AUTHOR

POSITION

TIME

LOCATION

SOUKITA

44.7232° N, 11.1018° E

04.03.26, 12:02PM

RAVARINO, IT

LOOKING BACK AT STONE ISLAND MARINA

LOOKING BACK AT STONE ISLAND MARINA

From early marine codes to present-day fabrication, Marina remains one of Stone Island’s clearest studies in utility as image.

Stone Island began in 1982 with Tela Stella. Developed by Massimo Osti from a heavy cotton canvas inspired by military tarpaulin, the fabric was resin-printed in contrasting colours and put through an extended wash. The result was rugged, weathered, and highly durable. It also established the brand early on: a focus on technical treatment, functional source materials, and garments that retained some trace of their origins.


That foundation was maritime from the start. The name “Stone Island,” drawn from the novels of Joseph Conrad and selected by Osti and his wife, Daniela Facchinato, brought in a world of navigation, distance, and protection. The compass badge, first seen on the inaugural Tela Stella jacket, gave that world a fixed symbol. Stone Island was never built through fabric alone. The fabric came with its own atmosphere.

01 Vogue L'Uomo, 1984.

01 Vogue L'Uomo, 1984.

02 Per Lui, Spring/Summer 1984

02 Per Lui, Spring/Summer 1984

Carlo Rivetti joined in 1983 and helped carry that foundation forward. First alongside Osti, then beyond him, he kept the brand centered on research, dyeing, function, and product development. As Stone Island grew, it did so without losing the experimental discipline that had shaped it at the start.


Stone Island Marina appeared that same year. It did not introduce a new idea so much as bring one part of the brand into sharper focus. What had already been there in the name, the badge, and the early outerwear became more direct through sailing jackets, striped knits, marine graphics, resistant shells, and hardware that felt drawn from deck clothing rather than added afterward. By Spring/Summer 1984, Marina had already established a distinct vocabulary through foldaway hoods, coated surfaces, and nautical insignia that remained central to the line.

"Our approach is closer to industrial design than fashion."

— Carlo Rivetti

Claudia Bergamini, Stone Island Garment Dyed Jacket Process, 2016.

Claudia Bergamini, Stone Island Garment Dyed Jacket Process, 2016.

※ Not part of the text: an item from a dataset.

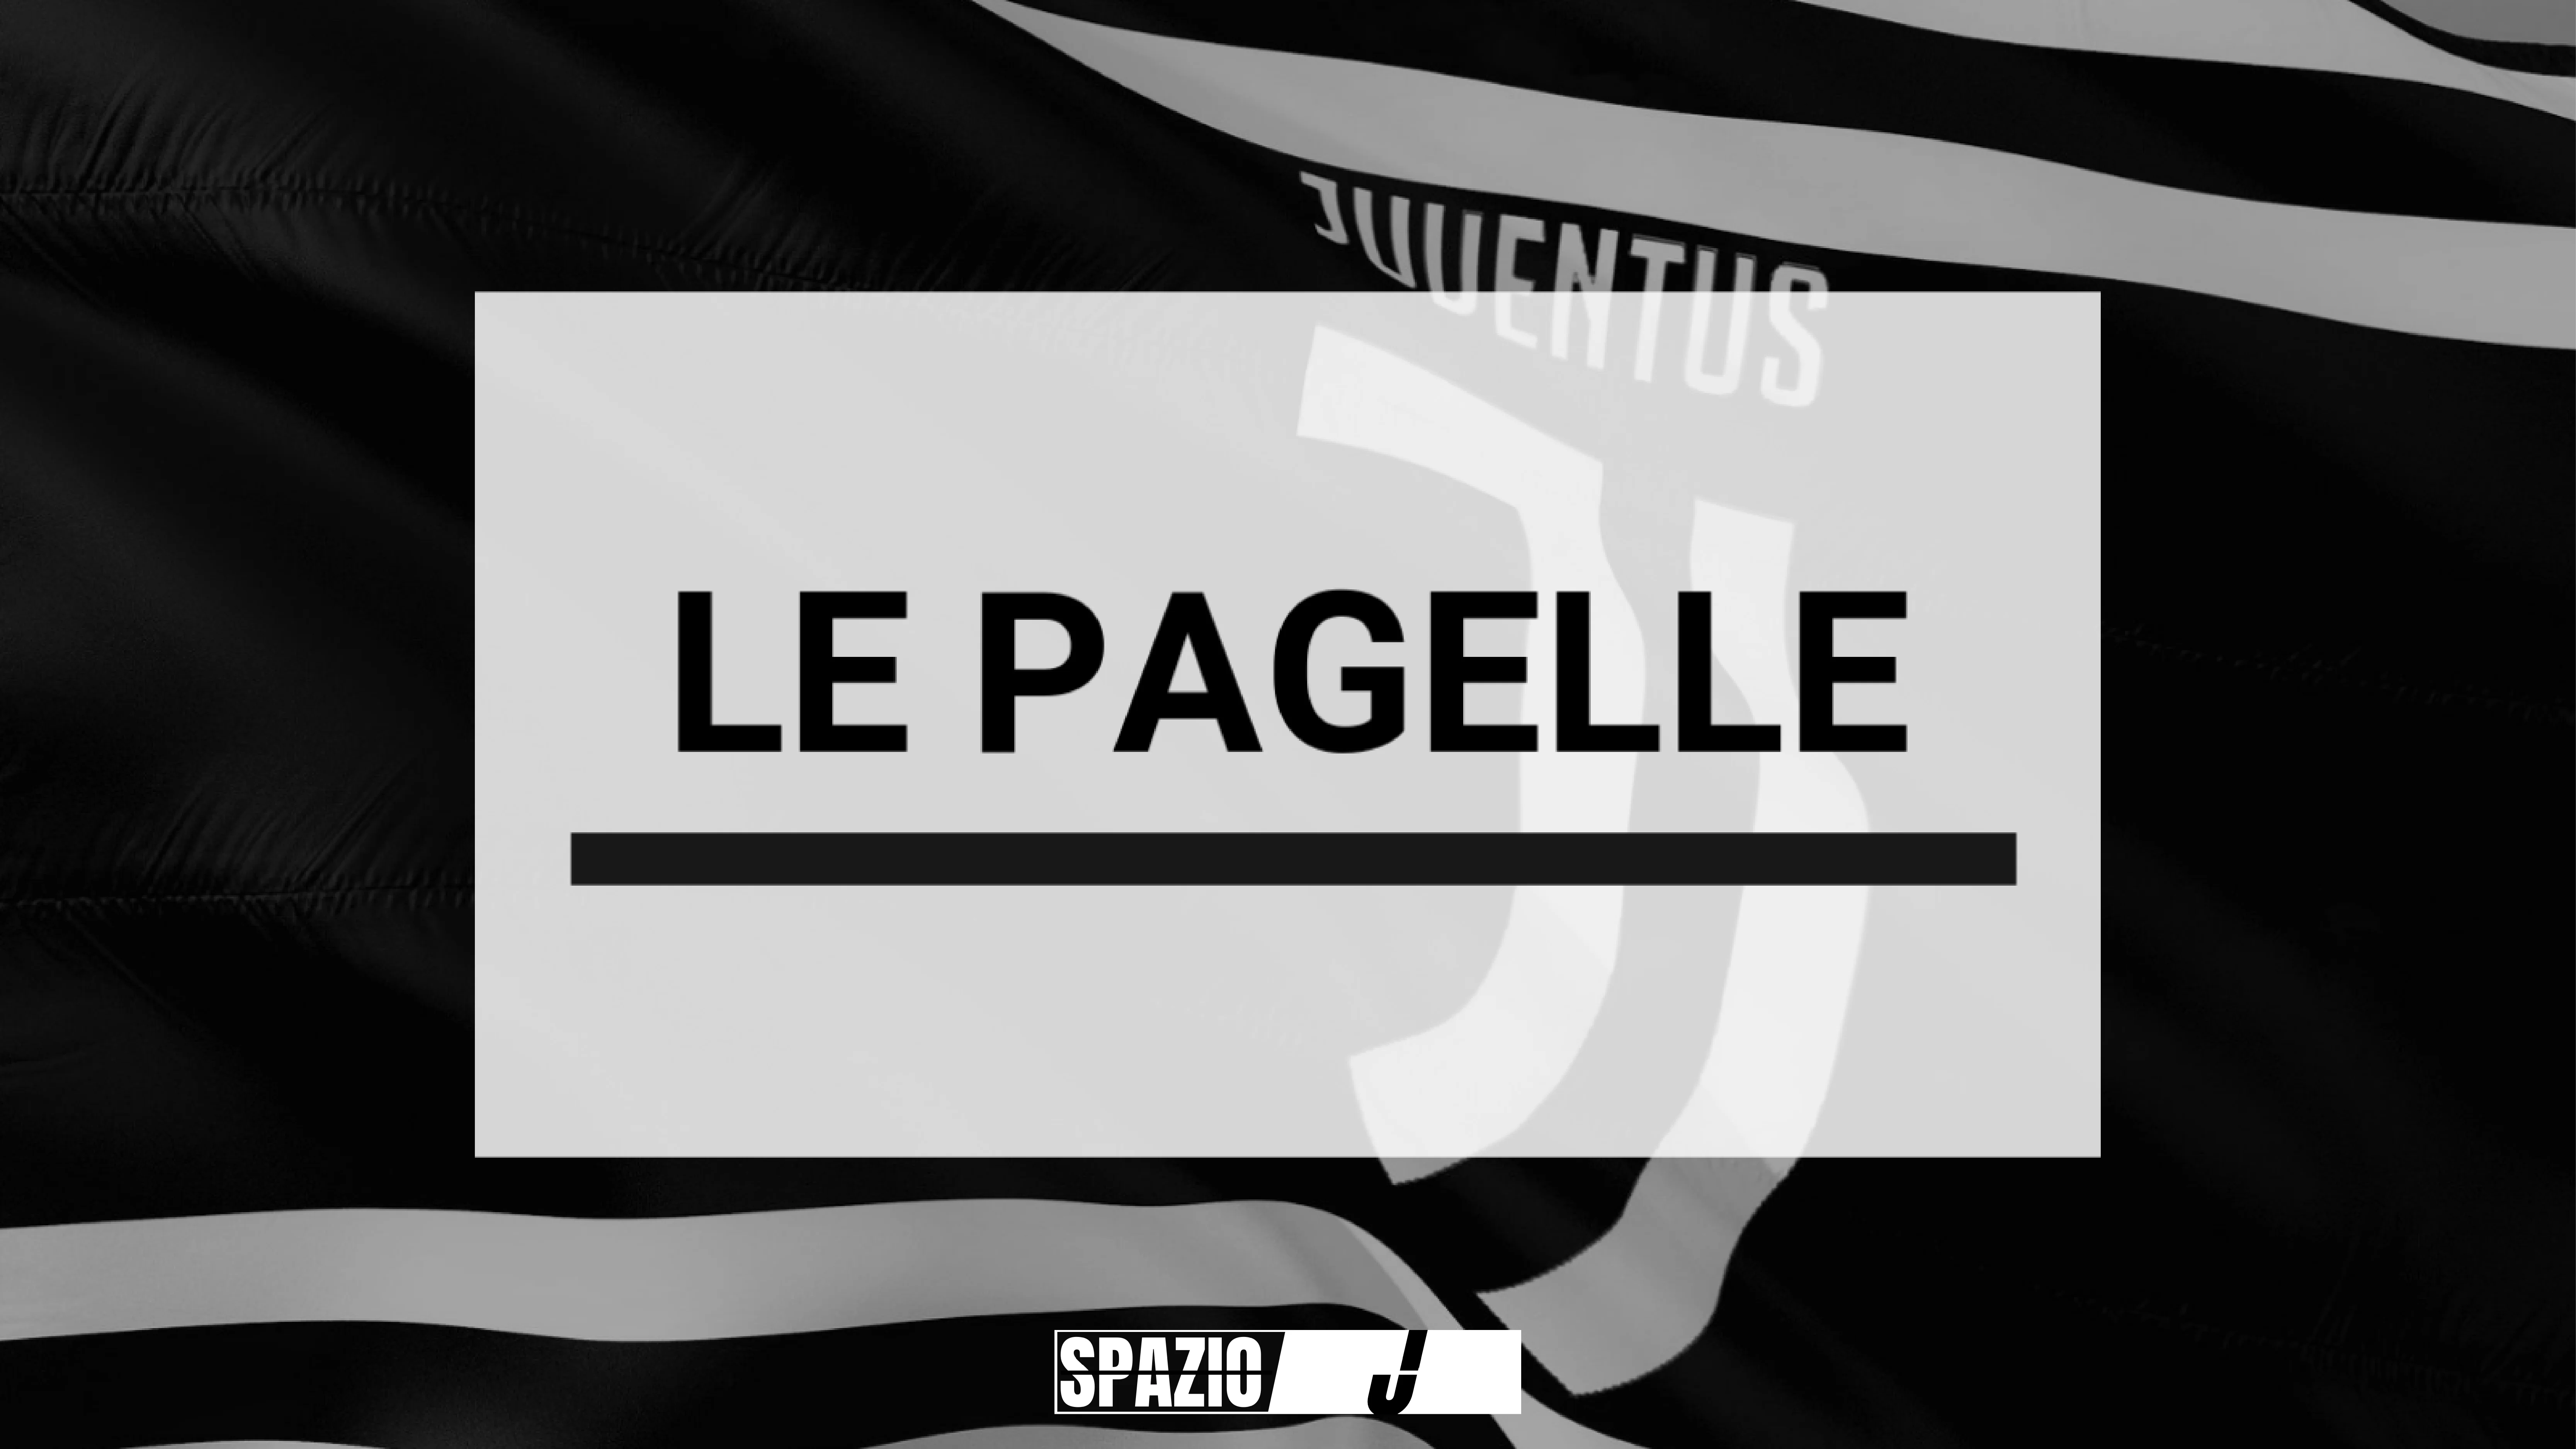 Roma-Juventus Women 1-2 | le pagelle: Rosucci decisiva, Peyraud-Magnin da rivedere
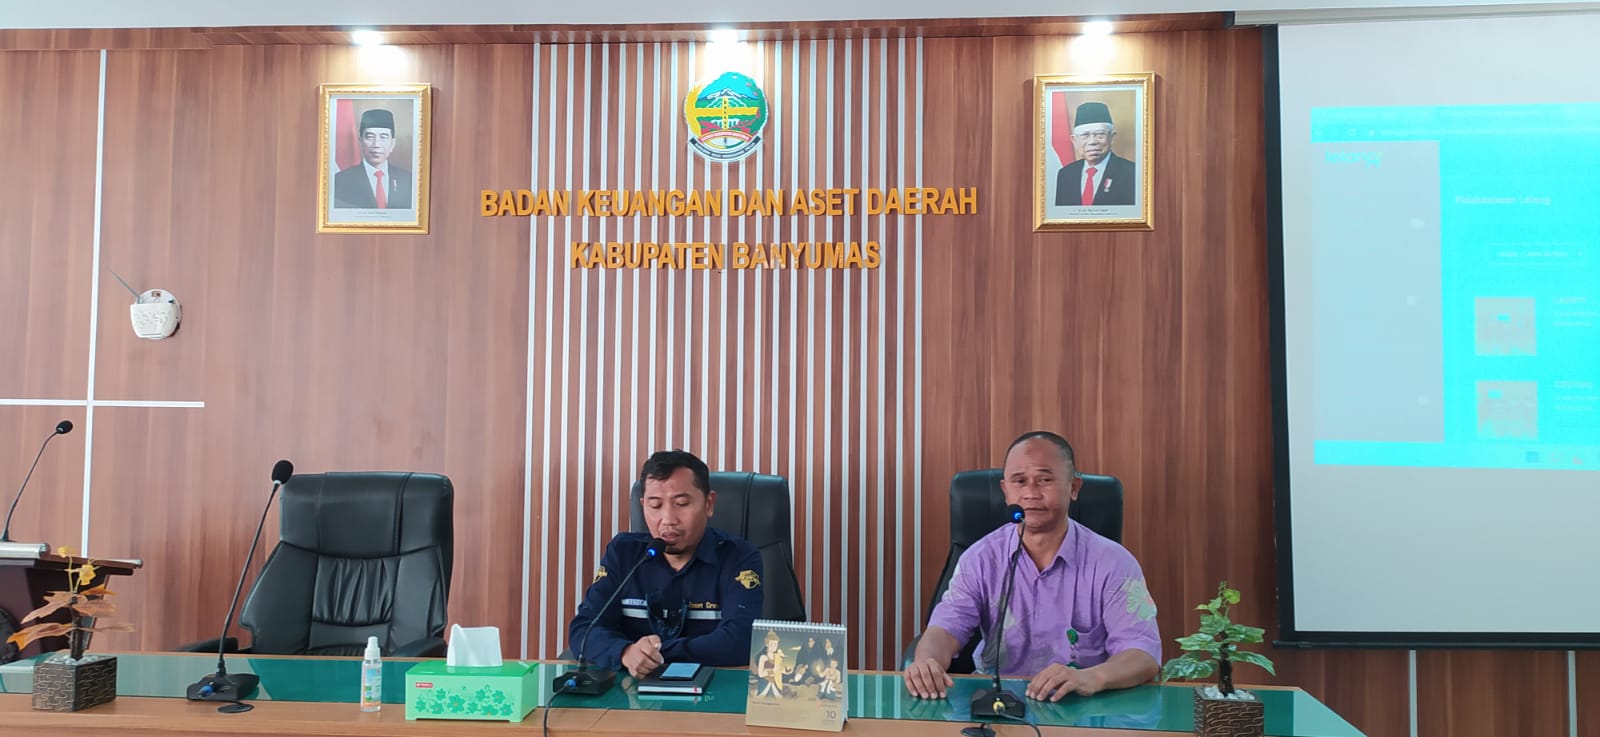 Laris Manis Tanjung Kimpul, Lelang BMD Pemkab Banyumas Habis Terjual dan Rp1,2 Milliar Terkumpul.

Massimo Osti sailing his Swan 65, 1980

Massimo Osti sailing his Swan 65, 1980

From the beginning, Marina was more than a themed offshoot. It was built through construction. The line treated sailing as a practical system of weather protection, fastening, and visibility. That remained true in the Marina collections of the early 2010s, which moved through glow effects, graphic jerseys, outerwear, and lighter technical pieces without losing their marine identity. One of the clearest examples from that period is TELA_MARINA-R, which reworked Tela Stella through a more technical construction while keeping key Marina details in place, including a foldable hood, luminescent elements, and a glow-in-the-dark Marina print.

01 Per Lui, March 1987

02 Luminescent Jacket, 2022

01 Per Lui, March 1987

02 Luminescent Jacket, 2022

From the beginning, Marina was more than a themed offshoot. It was built through construction. The line treated sailing as a practical system of weather protection, fastening, and visibility. That remained true in the Marina collections of the early 2010s, which moved through glow effects, graphic jerseys, outerwear, and lighter technical pieces without losing their marine identity. One of the clearest examples from that period is TELA_MARINA-R, which reworked Tela Stella through a more technical construction while keeping key Marina details in place, including a foldable hood, luminescent elements, and a glow-in-the-dark Marina print.

Spring/Summer 2026 brings that history forward. The collection centers on a garment-dyed nylon-cotton sailing jacket with a foldable hood, rubber closures, and wooden pulls that recall Marina’s early years. A coach jacket in nylon-cotton panama weave uses double-dye recipes to bring out the texture and is treated for anti-drop performance, while a micro-brushed nylon hooded jacket adds a reflective Marina print at the lower back, a double-layer hood, and angled welt pockets.


The sailing jacket brings that continuity into focus. Its hood folds into the collar, the pockets use triangular flaps and rubberized button details, and the front closes with a two-way zip under a placket finished with snaps and rubberized closures. Marina remains true to its heritage, translating marine materials, fastenings, and functional design principles into clothing rather than using the sea as a stylistic mood.

Marina is not a marginal line within Stone Island’s history, but one of the clearest expressions of the brand’s long-standing approach to material, function, and technical construction. More than simply revisiting maritime imagery, it shows how deeply that vocabulary has been embedded in Stone Island from the beginning.